SIAMUSAMBO, Zambia - The G8 leaders' pronouncement last Friday about aid to Africa reflected the views of international bureaucrats who, as Paul Theroux wrote, ride from meeting to meeting in new Land Rovers.

I wish they would instead ride on the back of a Mitsubishi flatbed truck with 39 Africans jubilantly and melodically singing of their faith in Christ: "He is not number eight. He is not number six. He is number one."

Standing behind the cab was like being at the prow of a ship with the wind blowing hard and dirt roads tough on truck suspensions taking the place of waves. We rode past mud huts with thatched roofs, ducking branches as the truck darted between short, moisture-starved trees, watching out for thorns like fishhooks that have an African name translated as, "Where do you think you were going?" People got off at thatch-covered mega-huts in four of the perhaps 500 villages of the Tonga tribe.

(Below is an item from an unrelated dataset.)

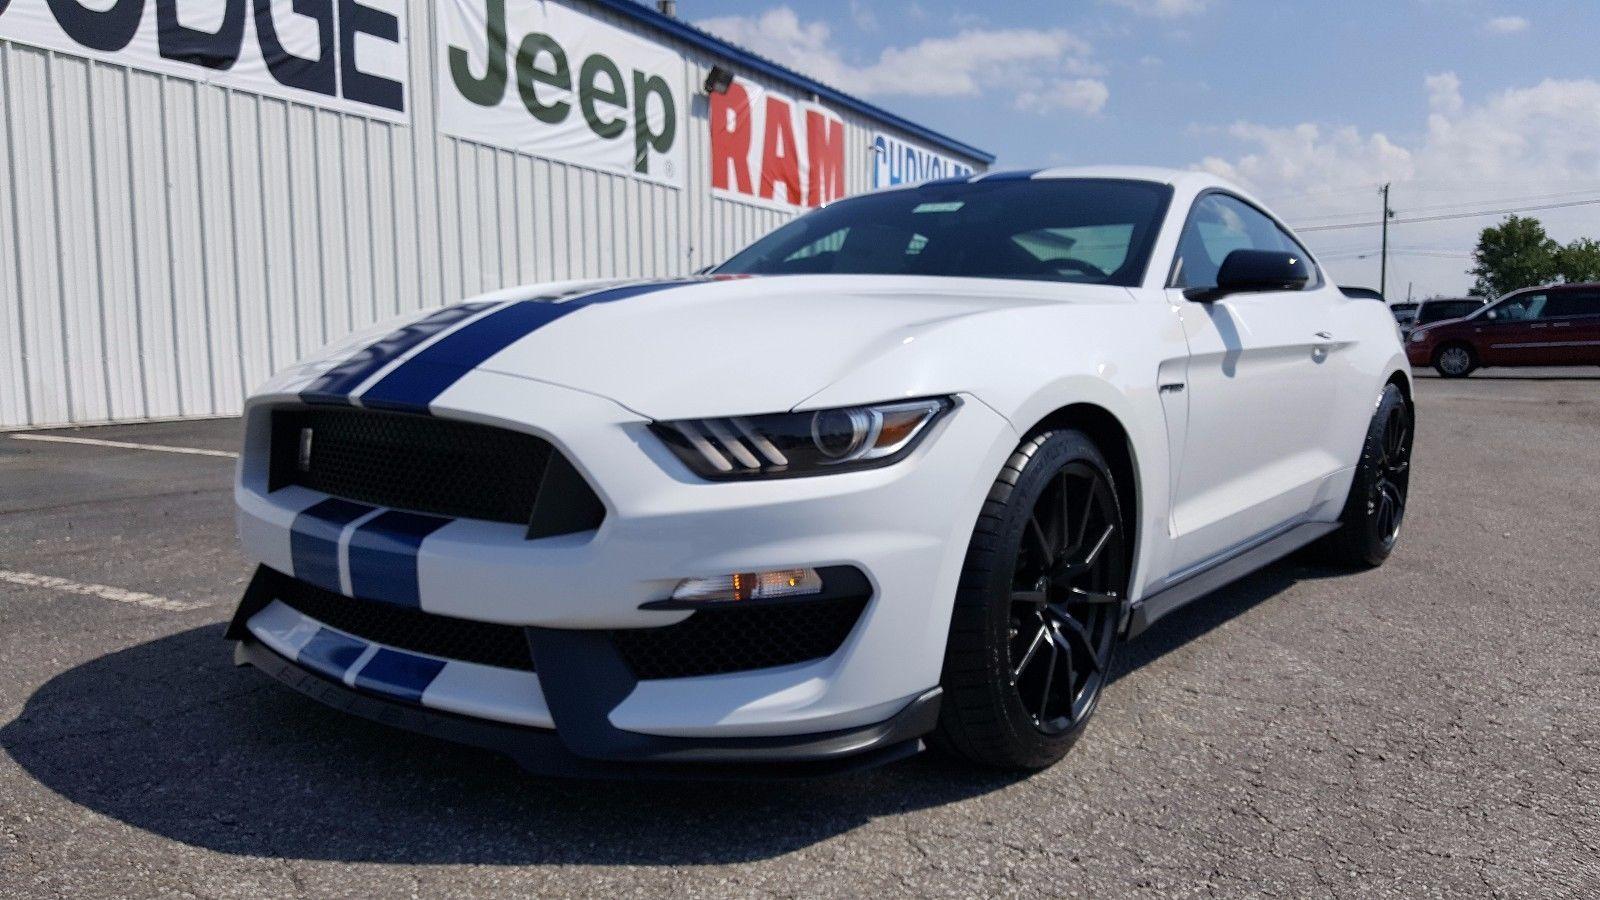 Blue stripe wallpaper ebay - Ebay 2017 Ford Mustang Gt350 New 2017 Mustang Shelby Gt350 White Blue Racing Stripes

Here in this tiny village, Africans and Americans greeted each other with formal words - "How are you doing, my brother?" - and lots of informal hugs. Then came a two-hour church service that could awaken even jaundiced members of suburban evangelical churches. Zack Brady, a 20-year-old American spending his summer helping out in Zambia, exuded afterward: "It's a thrill. ... There's nothing like it." With 85 Africans sitting on bricks - men on one side clapping and women on the other side, some nursing babies, dressed in their wrap-around best - hymns wafted over the still air.

Men's and women's quartets and quintets often led the singing and showed off dance steps like those of the Temptations, their elegance marred only by pressure to get an awkward American male to join in - with friendly laughter overcoming politeness when he did. Before and after the service, local leaders like Padmore Mudanga, Edward Kampwala and Samson Mulubulaha, son of a village headman, spoke of their enthusiasm for Christianity and their friendliness toward America.

The enthusiasm is unsurprising, given the alternative in African tradition: what Mike Jones, who grew up on a North Carolina farm and now teaches Zambians better agricultural techniques, calls "a fear-based culture." Traditionally in Zambia, bad omens are everywhere. For example, if an owl comes to a Zambian's house or a tree nearby, it means that someone in the family will die or be very sick. Zambians often believe that the spirits of ancestors inhabit the blossoms of the mighty baobab tree and that a lion will eat anyone who plucks from it a flower.

With witch doctors still active in the Zambian bush, it's sometimes hard to leave such fears behind. Babies traditionally wear around their necks little charms that are supposed to protect them from demons. Jerry Beall, a Maryland pastor who is executive director of Sons of Thunder, a Christian group active in Zambia, reports: "When we get ready to dedicate a baby to Christ, we ask for the charm. It's a real challenge. The mothers stand there with a life-and-death choice they have to make, and you can see on their faces the concern."

But when the choice is made, the joy is great. Adults and children in village after village greeted standees on the flatbed truck with friendly waves, and many dozens of smiling children ran after it, as in a Rocky movie. Zambians are friendly toward Americans, Beall says, because "they see we're here to give and not take."

The Sons of Thunder effort includes a school now with 300 students, courses in growing more and better crops, and an orphanage where, as nurse JoAnn Byrum put it, "We get infants days or hours away from dying."

Nigerian pastor Anderson Mwiikisa, 85, said that if it weren't for the American effort, "these children would be in the grave." It's that type of help that makes Americans popular here.